Olay, Nasreddin Hoca’nın başından geçer. Hoca, daha küçük o zamanlar. Arkadaşları ona bir şaka yapmak isterler. Küçük Nasreddin’i ağaca çıkarıp; o ağaçtayken yerde kalan pabuçlarını saklayacaklardır. Buluşurlar bir ağacın altında. İçlerinden biri Küçük Nasreddin’e, “Sen bu ağaca çıkabilir misin?” diye sorar. Başını kaldırıp ağaca bakan Küçük Nasreddin, “Elbet çıkarım,” der, “bu ağaca çıkmaktan kolay ne var?” Ötekiler de hemen atılır: “Yaaa! Çık da görelim öyleyse!” “Çıkamazsın! Çıkamazsın!” “Çık da görelim!” Bu kadar ısrar edilmesinden, işin içinde bir iş olduğunu anlar Küçük Nasreddin; ama sözünden geri dönemez artık. “Tamam,” der, “çıkıyorum.” Ağaca tırmanmak için pabuçlarını çıkarınca, öteki çocuklar göz kırparlar birbirlerine. Ama sonrasında beklenmedik bir şey yapar Küçük Nasreddin; pabuçlarını alıp koynuna sokar. 15
Öteki çocuklar şaşkınlık içinde, “Pabuçlarını niye koynuna sokuyorsun Nasreddin?” diye bağrışırlar. “Onlar ağaçta ne işine yarayacak ki?” Pabuçları koynunda tırmanmaya başlayan Küçük Nasreddin cevap verir: “Bakarsınız ağaçtan öteye bir yol bulurum. Onun için pabuçlarım yanımda bulunsun!”
16
AĞZIYLA KUŞ TUTSA NAFİLE
1. En zor, en güç soruları doğru cevaplasa da… 2. Büyük ustalık gerektiren işlerin altından başarıyla kalksa da… 3. Ne yapsa, boş!

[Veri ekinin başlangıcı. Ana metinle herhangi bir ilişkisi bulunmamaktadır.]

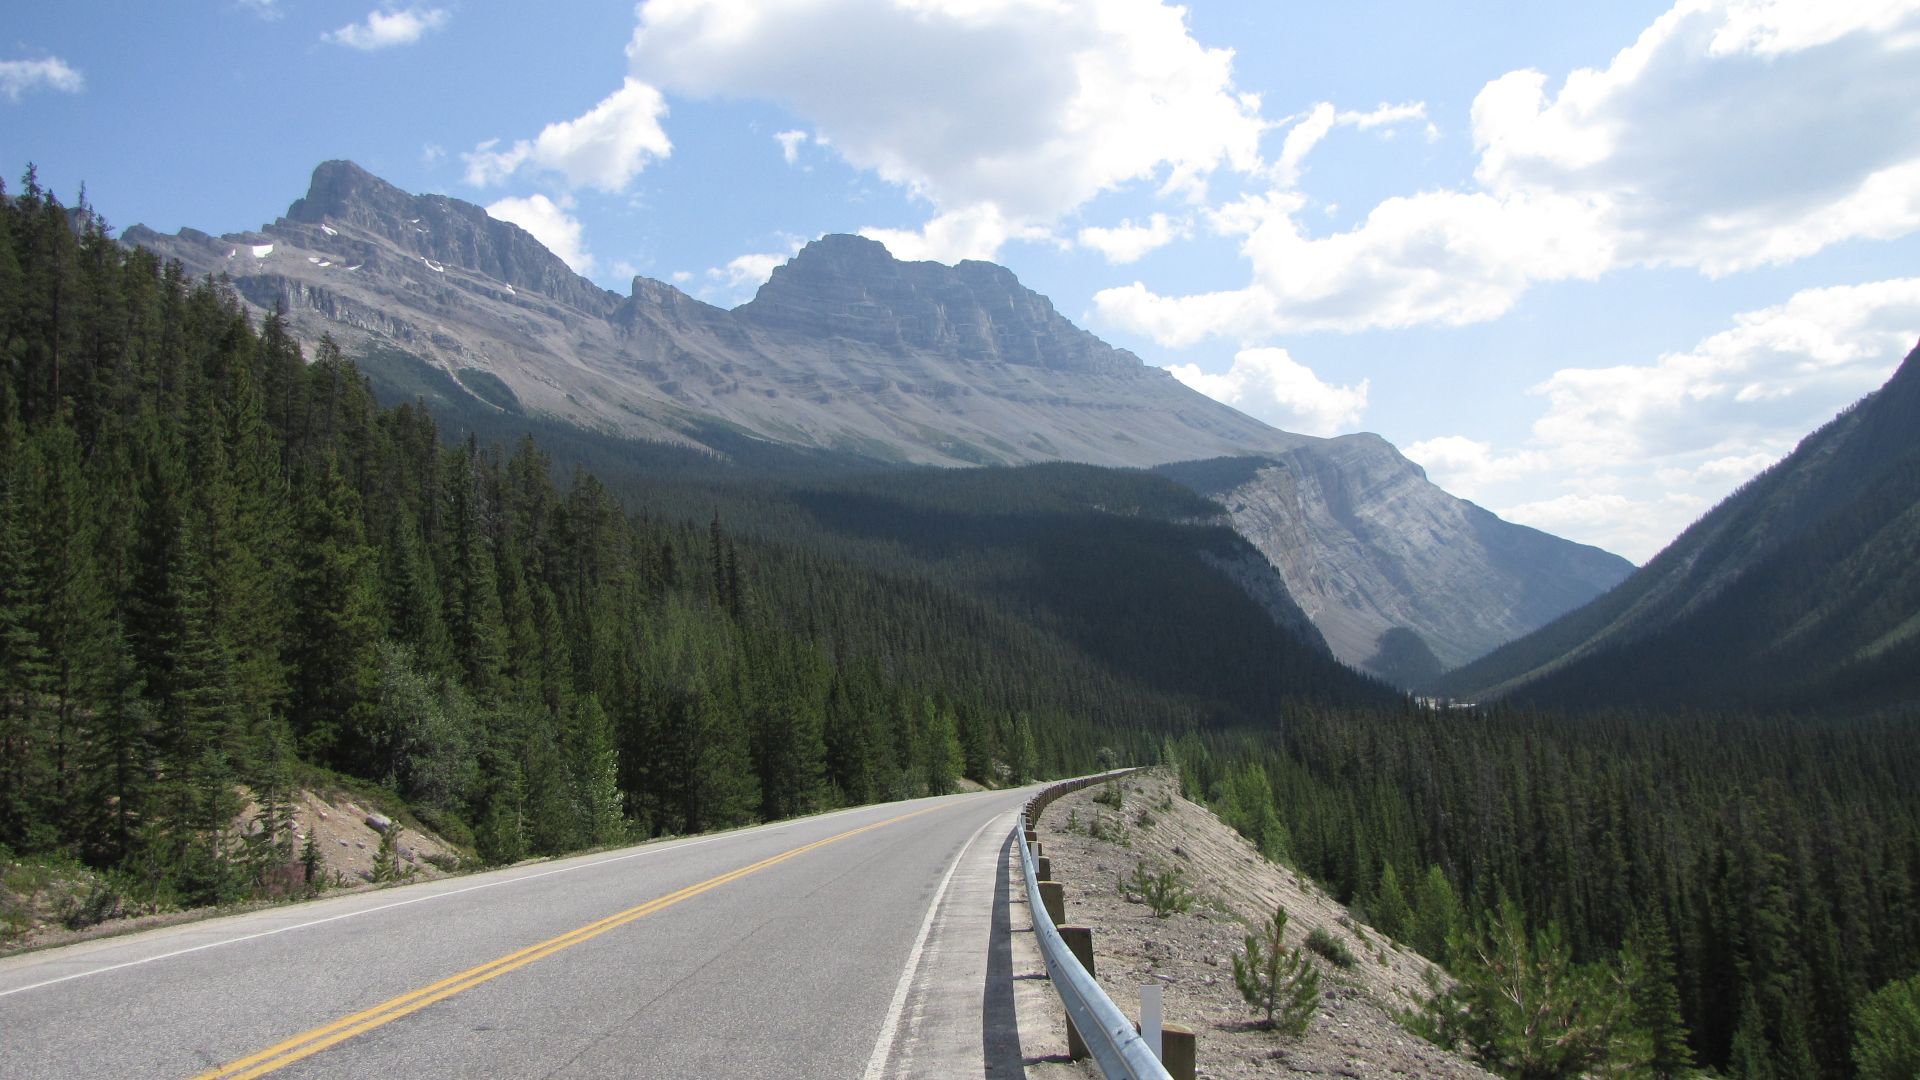 The Icefields Parkway, Alberta, Canada - they built a road through this! Part of me is glad, because I could ride it, & part of me wishes they`d left it pristine. Taken during "Part 4" of my 7-month solo ride in 2009 from the Arctic Ocean coast to Mexico, including following the length of the Rocky Mountains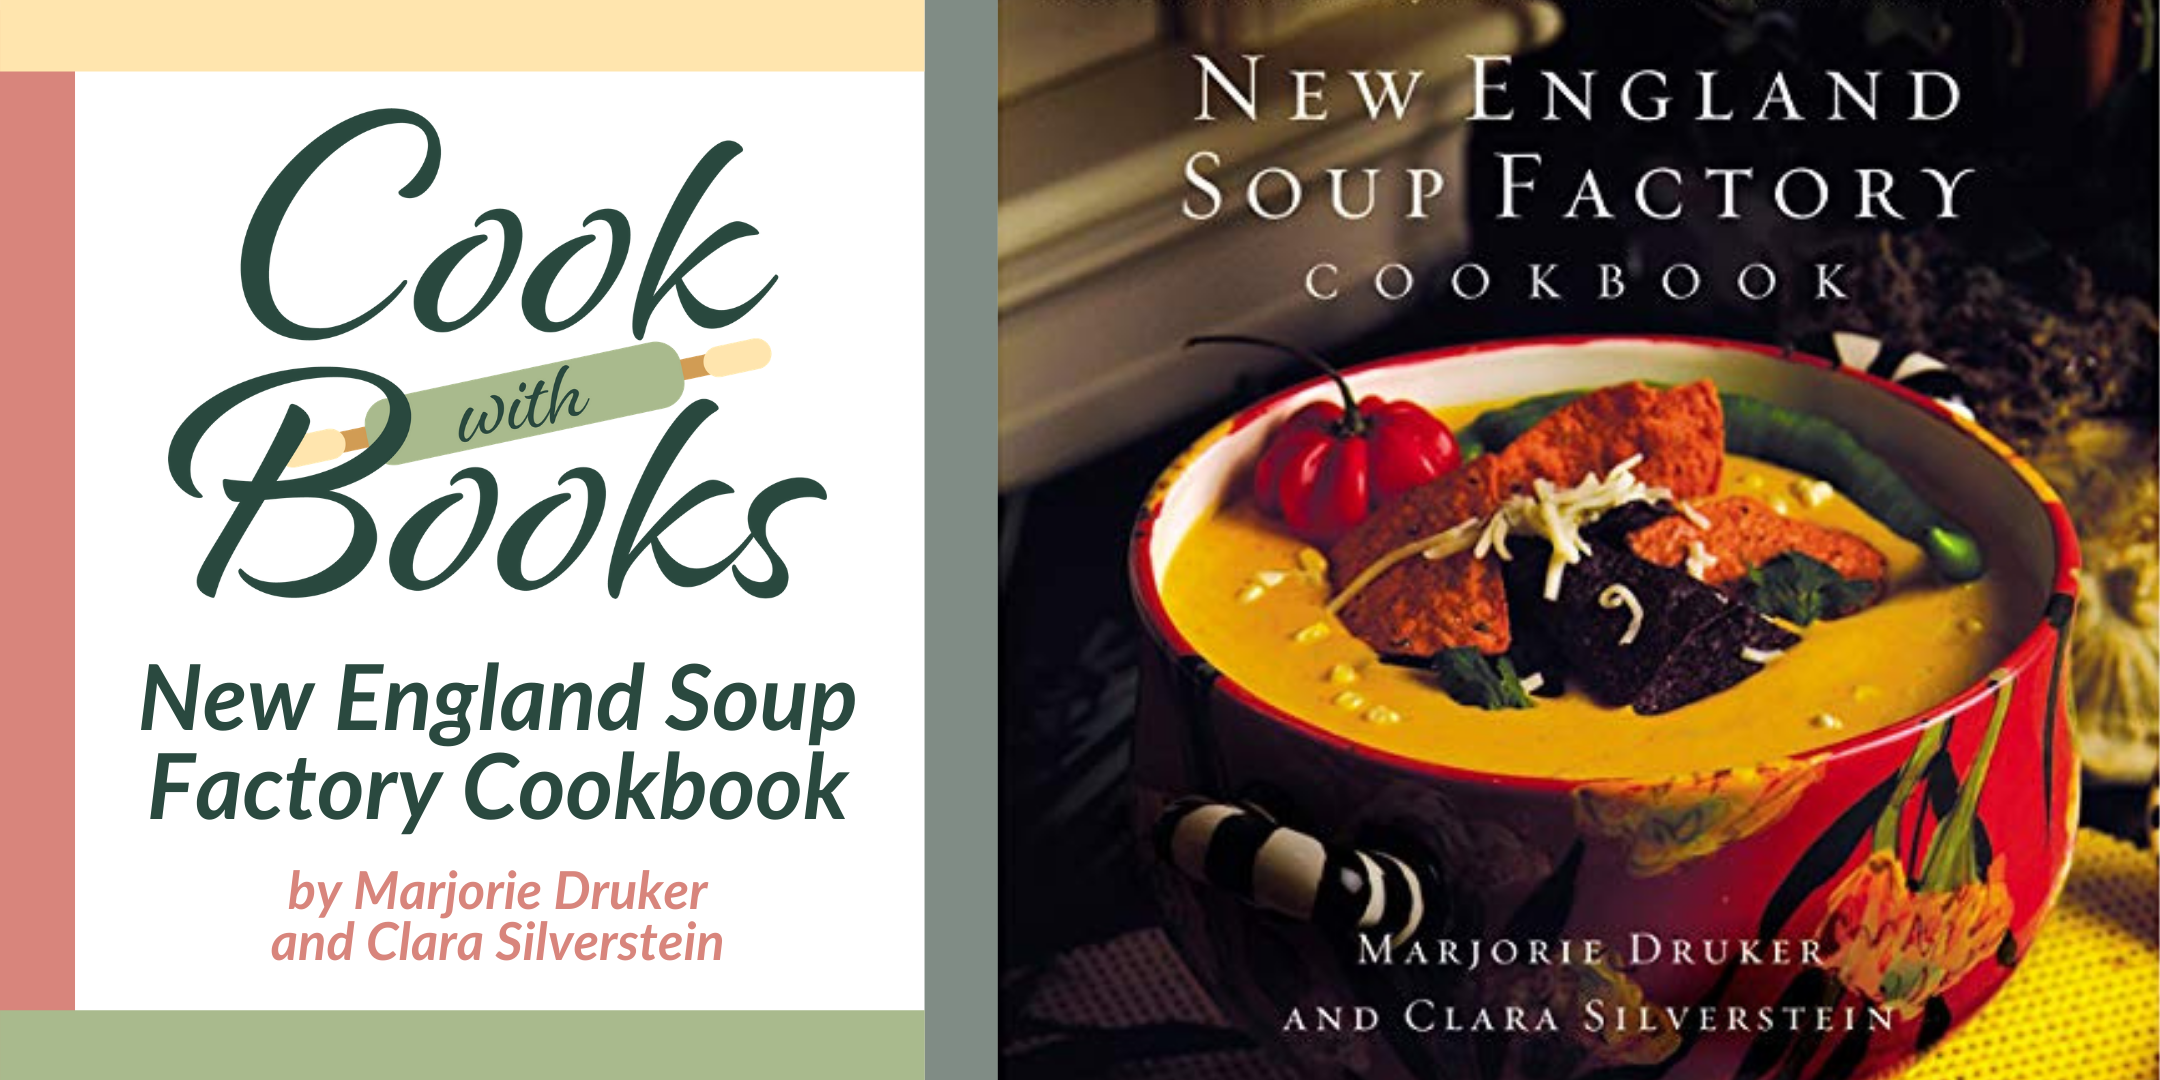 Cook with Books: New England Soup Factory Cookbook image

Okulunu başarıyla bitiren delikanlı, iş için bir kuruma başvurdu. Bir hafta sonra sözlü sınava çağırdılar delikanlıyı. Bir salonda, açık pencerenin önünde oturan sınav kurulu üyelerinin karşısına çıktı. İlk sorular kolaydı, cevapladı hemen. Buna şaşırdı kurul üyeleri, soruları zorlaştırdılar biraz. Delikanlı onları da kolayca cevapladı! Kaşları çatıldı kurul üyelerinin. Bozulmuş gibiydiler. Homurdanarak, hepsi önlerine bir kitap çekti. Sayfaları karıştırıp bulabildikleri en zor soruları yönelttiler bu kez. Soruların zorlaşması, korkutmadı delikanlıyı. Tıkır tıkır cevapladı hepsini. Her doğru cevap, suratların biraz daha asılmasına yol açtı. Daha zor ne sorabiliriz, diye düşünürlerken içlerinden biri, “Her şeyi bildiğini mi sanıyorsun sen?” diye bağırdı. Çatılan kaşlar, asılan yüzler, somurtuk bakışlar… Üstüne bir de böyle bir soru gelince delikanlı anladı her şeyi: Bu kurul üyeleri, sınavı geçmesini istemiyorlardı. Delikanlı, nasıl bir karşılık versem acaba, diye düşünürken, açık pencereden bir kuş girmesin mi? 17
Kuş içerdekileri görünce, telaşla sağa sola doğru kanat çırpmaya başladı. Tam delikanlının saçlarını yalayıp geçiyordu ki, delikanlı birden karar verdi: Zıplayıp kuşu ağzıyla yakaladı. Kurul üyelerinin şaşkın bakışları altında, kuşu iki avucunun arasına alırken, “Evet efendim,” dedi, “işte böyle, ağzımla kuş dahi tutarım!” Öfkeyle ayağa fırladı kurul üyeleri. Sorularıyla alt edemedikleri delikanlıyı elemek için, bunu fırsat sayıp hep birlikte bağırdılar: “Bre utanmaz, karşımızda bu ne küstahlık? Ağzınla kuş tutsan nafile; çık dışarıya!”